Figure BDA0002600423410000011
A series of products of a magnetic control capsule gastroscope system drive a magnetic control capsule with an embedded permanent magnet magnetic ring through an external permanent magnet system; because the external driving magnetic field is far larger than the magnetic field of the magnetic ring in the magnetic control capsule, the capsule robot tracking mode based on permanent magnetism cannot work with the magnetic drive at the same time.
In conclusion, the traditional capsule robot has the defects of low position tracking and pose control precision and poor stability, the position tracking is the basis of the pose control, and the intelligent control of the capsule robot based on a closed-loop mode can be realized only by combining the position tracking and the pose control. Therefore, how to provide a wireless capsule robot system and a control method thereof to improve the accuracy of capsule robot position tracking and pose control and the system stability becomes a problem to be solved urgently.
Disclosure of Invention
The invention aims to provide a wireless capsule robot system and a control method thereof, so as to improve the accuracy of capsule robot position tracking and pose control and the system stability.
In a first aspect, the present invention provides a wireless capsule robot system comprising:
a capsule robot;
the permanent magnet ring is arranged on the outer side of the capsule robot;
a computer;
the driving device is connected with the computer and drives the capsule robot to move through the permanent magnet ring;
one end of the first wireless communication module is connected with the computer, and the other end of the first wireless communication module is connected with the capsule robot;
and the wireless alternating electromagnetic tracking device is connected with the computer and is electromagnetically coupled with the capsule robot.
Further, the capsule robot includes:
the outer side of the shell is annularly provided with the permanent magnet ring;
the MCU is arranged in the shell;
the power supply module is connected with the MCU and arranged in the shell;
the camera is connected with the MCU and arranged in the shell;
the temperature sensor is connected with the MCU and arranged in the shell;
one end of the second wireless communication module is connected with the MCU, and the other end of the second wireless communication module is connected with the first wireless communication module and arranged in the shell;
the electromagnetic induction coil is connected with the MCU, electromagnetically coupled with the wireless alternating electromagnetic tracking device and arranged in the shell;
and the PH detector is connected with the MCU and arranged on the surface of the shell.
Further, the driving device includes:
a robotic arm connected to the computer;
and the permanent magnet is arranged at the tail end of the mechanical arm.

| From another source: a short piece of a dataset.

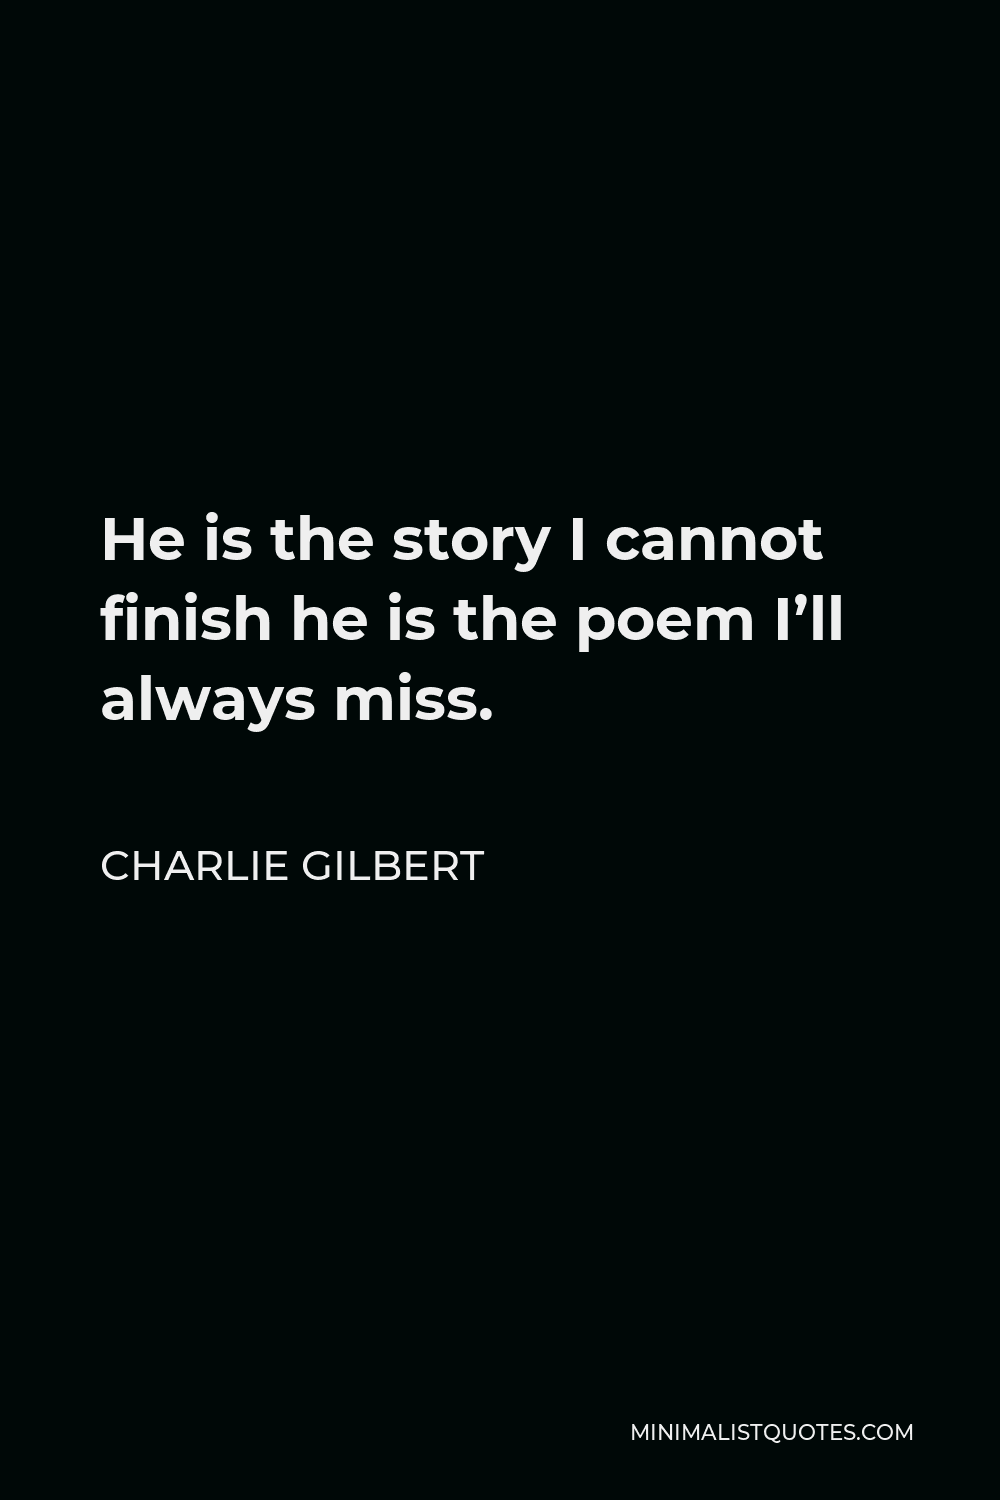 Charlie Gilbert Quote - He is the story I cannot finish he is the poem I’ll always miss.

Further, the first wireless communication module is a 2G communication module, a 3G communication module, a 4G communication module, a 5G communication module, an NB-IOT communication module, a LORA communication module, a WIFI communication module, a Bluetooth communication module or a ZigBee communication module.

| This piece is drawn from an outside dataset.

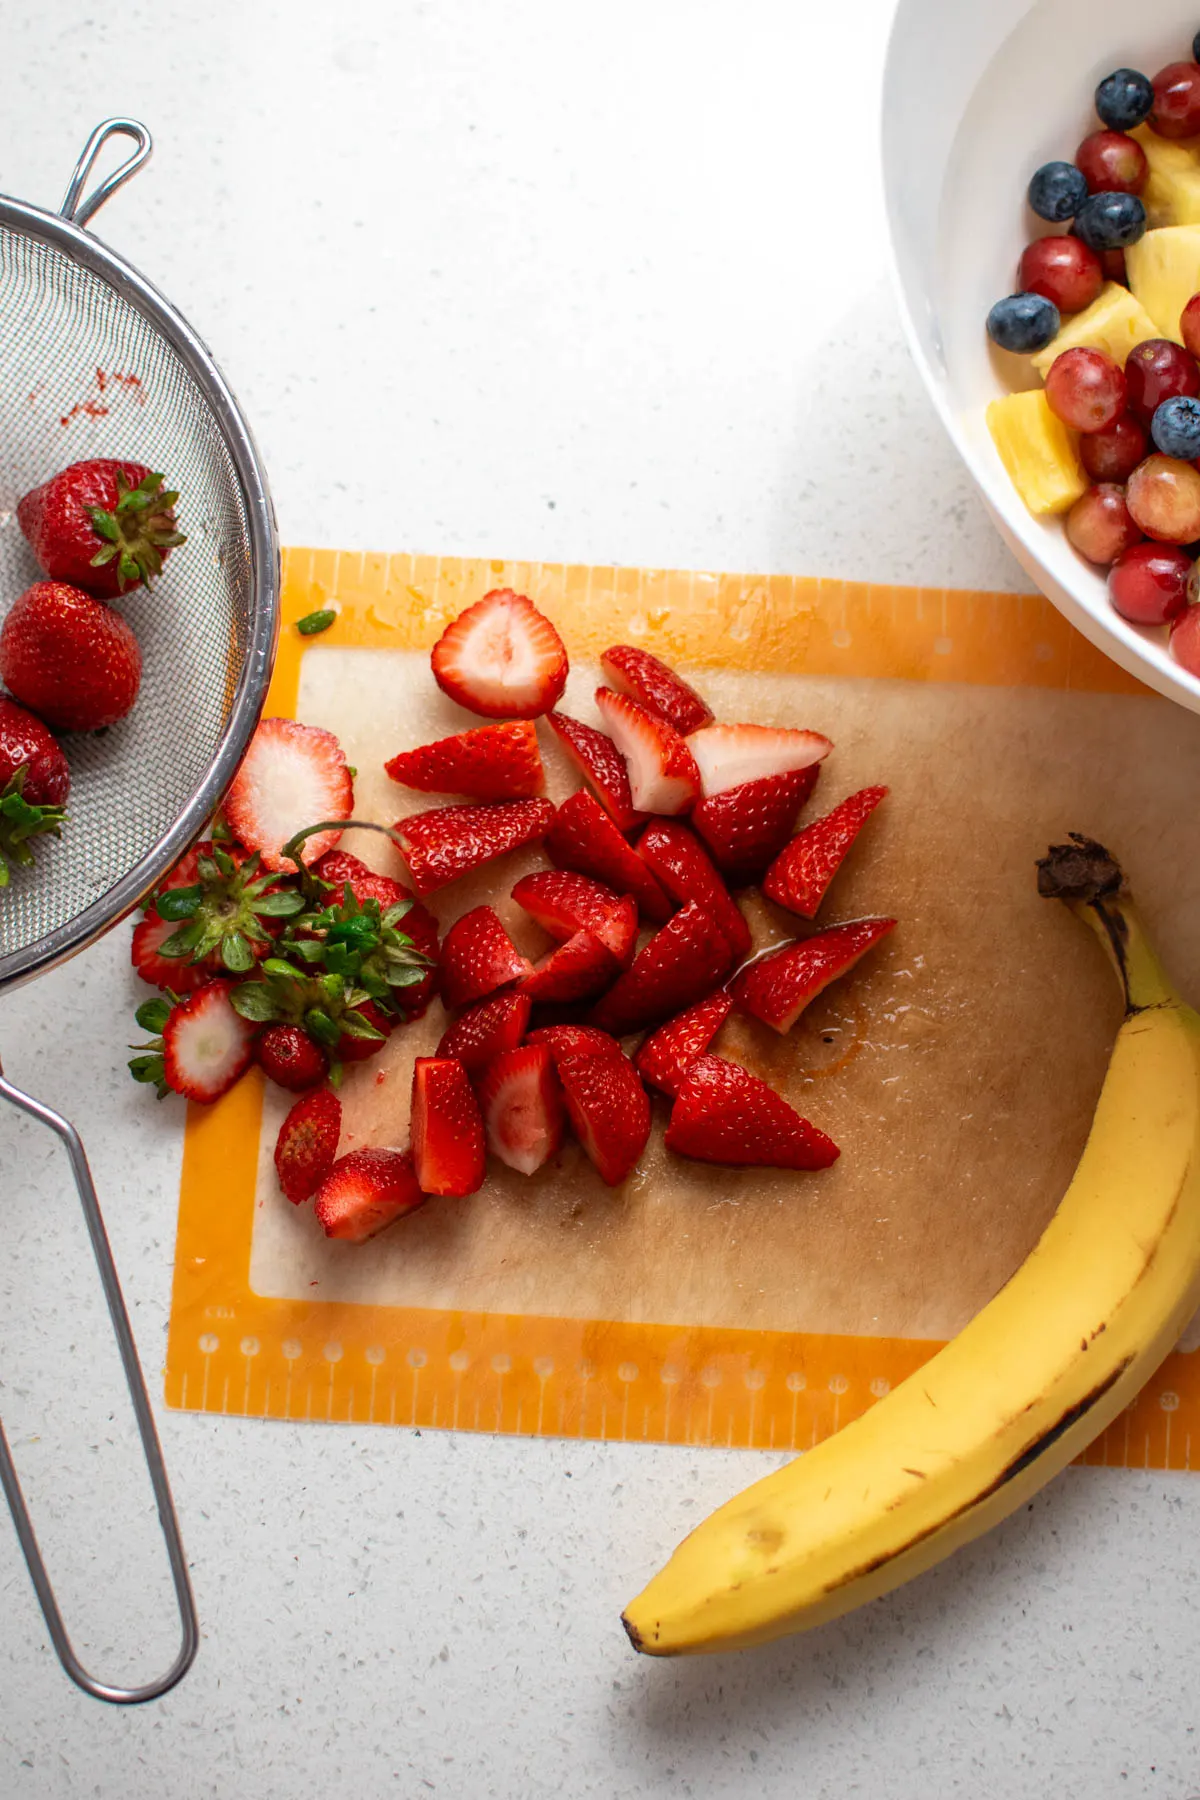 Chopped strawberries on cutting board with banana and large bowl of fruit nearby.

Further, the second wireless communication module is a 2G communication module, a 3G communication module, a 4G communication module, a 5G communication module, an NB-IOT communication module, a LORA communication module, a WIFI communication module, a bluetooth communication module, or a ZigBee communication module.
Further, the wireless alternating electromagnetic tracking device comprises:
a multipath alternating electromagnetic emission array electromagnetically coupled with the capsule robot;
and one end of the alternating circuit is connected with the multi-path alternating electromagnetic emission array, and the other end of the alternating circuit is connected with the computer.
Further, the multiple alternating electromagnetic transmission array comprises:
and one end of each alternating electromagnetic transmitting coil is connected with the alternating circuit, and the other end of each alternating electromagnetic transmitting coil is electromagnetically coupled with the capsule robot.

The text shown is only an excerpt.